System-level Impact of Non-Ideal Program-Time of Charge Trap Flash (CTF) on Deep Neural Network

Learning of deep neural networks (DNN) using Resistive Processing Unit (RPU) architecture is energy-efficient as it utilizes dedicated neuromorphic hardware and stochastic computation of weight updates for in-memory computing. Charge Trap Flash (CTF) devices can implement RPU-based weight updates in DNNs. However, prior work has shown that the weight updates (V_T) in CTF-based RPU are impacted by the non-ideal program time of CTF. The non-ideal program time is affected by two factors of CTF. Firstly, the effects of the number of input pulses (N) or pulse width (pw), and secondly, the gap between successive update pulses (t_gap) used for the stochastic computation of weight updates. Therefore, the impact of this non-ideal program time must be studied for neural network training simulations. In this study, Firstly, we propose a pulse-train design compensation technique to reduce the total error caused by non-ideal program time of CTF and stochastic variance of a network. Secondly, we simulate RPU-based DNN with non-ideal program time of CTF on MNIST and Fashion-MNIST datasets. We find that for larger N (~1000), learning performance approaches the ideal (software-level) training level and, therefore, is not much impacted by the choice of t_gap used to implement RPU-based weight updates. However, for lower N (<500), learning performance depends on T_gap of the pulses. Finally, we also performed an ablation study to isolate the causal factor of the improved learning performance. We conclude that the lower noise level in the weight updates is the most likely significant factor to improve the learning performance of DNN. Thus, our study attempts to compensate for the error caused by non-ideal program time and standardize the pulse length (N) and pulse gap (t_gap) specifications for CTF-based RPUs for accurate system-level on-chip training.

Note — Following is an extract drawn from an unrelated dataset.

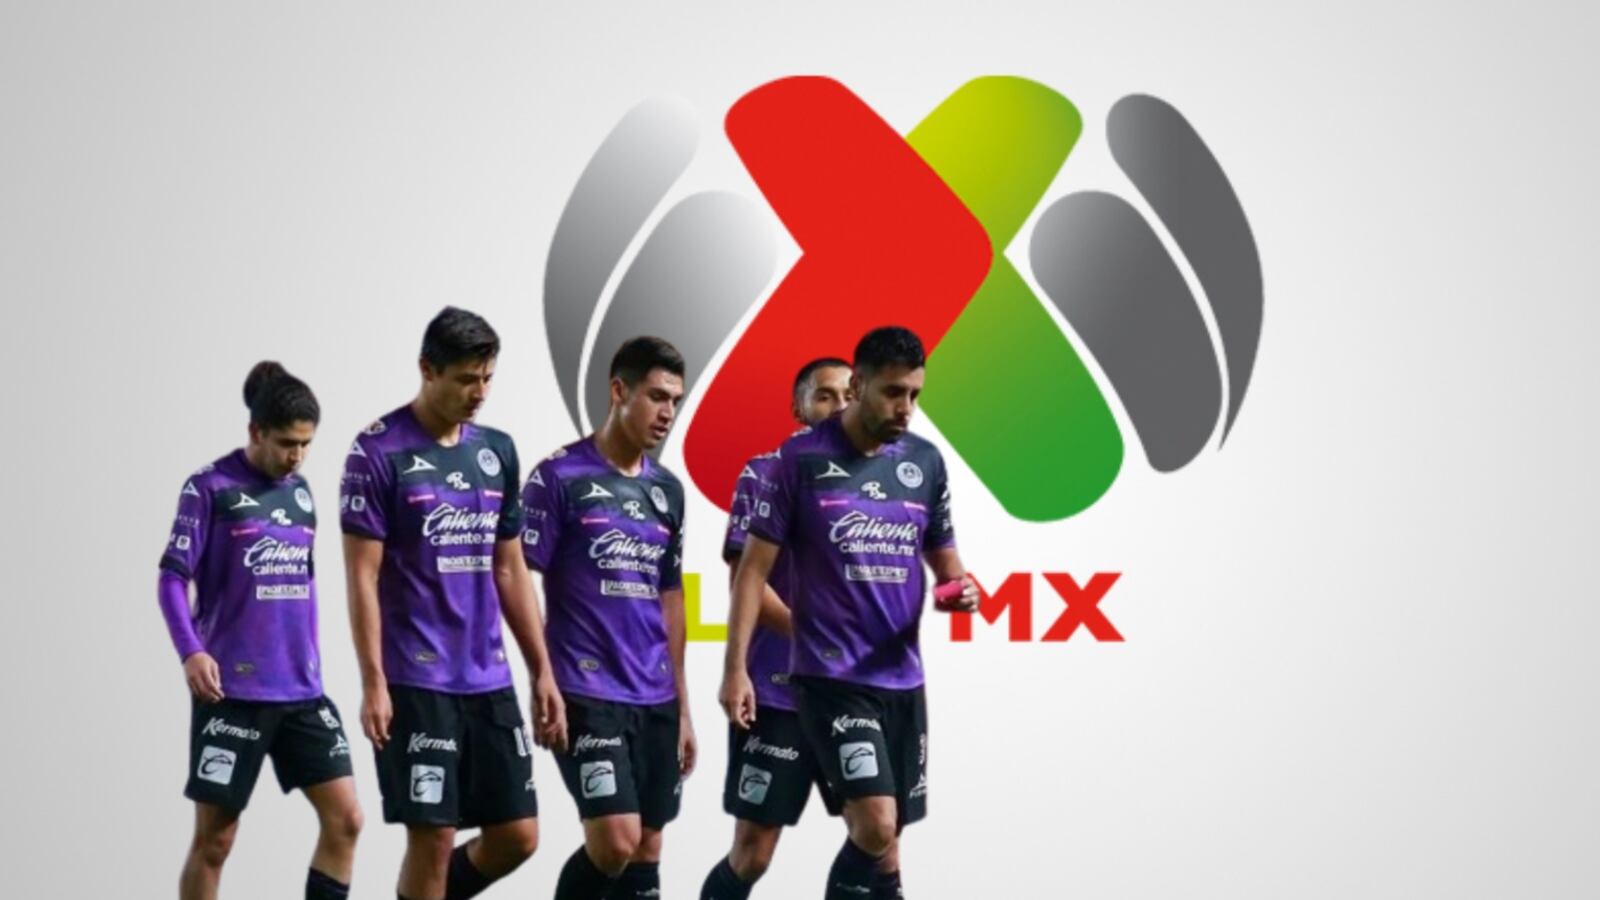 ¿Adiós 1era división? Mazatlán recibe pésimas noticias tras los malos resultados

翻译：深度神经网络（DNN）利用电阻处理单元（RPU）架构进行学习具有高能效特性，这得益于其专用神经形态硬件与权重更新的随机计算机制实现了存内计算。电荷陷阱闪存（CTF）器件可在DNN中实现基于RPU的权重更新。然而，先前研究表明，基于CTF的RPU中权重更新（V_T）受CTF非理想编程时间的影响。该非理想编程时间受CTF的两个因素制约：首先，输入脉冲数量（N）或脉冲宽度（pw）的影响；其次，用于权重更新随机计算的连续更新脉冲间的间隔（t_gap）的影响。因此，必须在神经网络训练仿真中研究这种非理想编程时间的影响。本研究首先提出一种脉冲序列设计补偿技术，以降低由CTF非理想编程时间和网络随机方差引起的总误差。其次，我们在MNIST和Fashion-MNIST数据集上仿真了包含CTF非理想编程时间的RPU基DNN。研究发现，当N较大（~1000）时，学习性能接近理想（软件级）训练水平，因此受实现RPU权重更新所选t_gap的影响较小。但当N较小（<500）时，学习性能取决于脉冲间隔t_gap。最后，我们通过消融研究分离了学习性能提升的因果因素，得出结论：权重更新中更低的噪声水平是提升DNN学习性能的最显著因素。因此，本研究致力于补偿非理想编程时间引起的误差，并为基于CTF的RPU标准化脉冲长度（N）与脉冲间隔（t_gap）参数，以实现精确的片上系统级训练。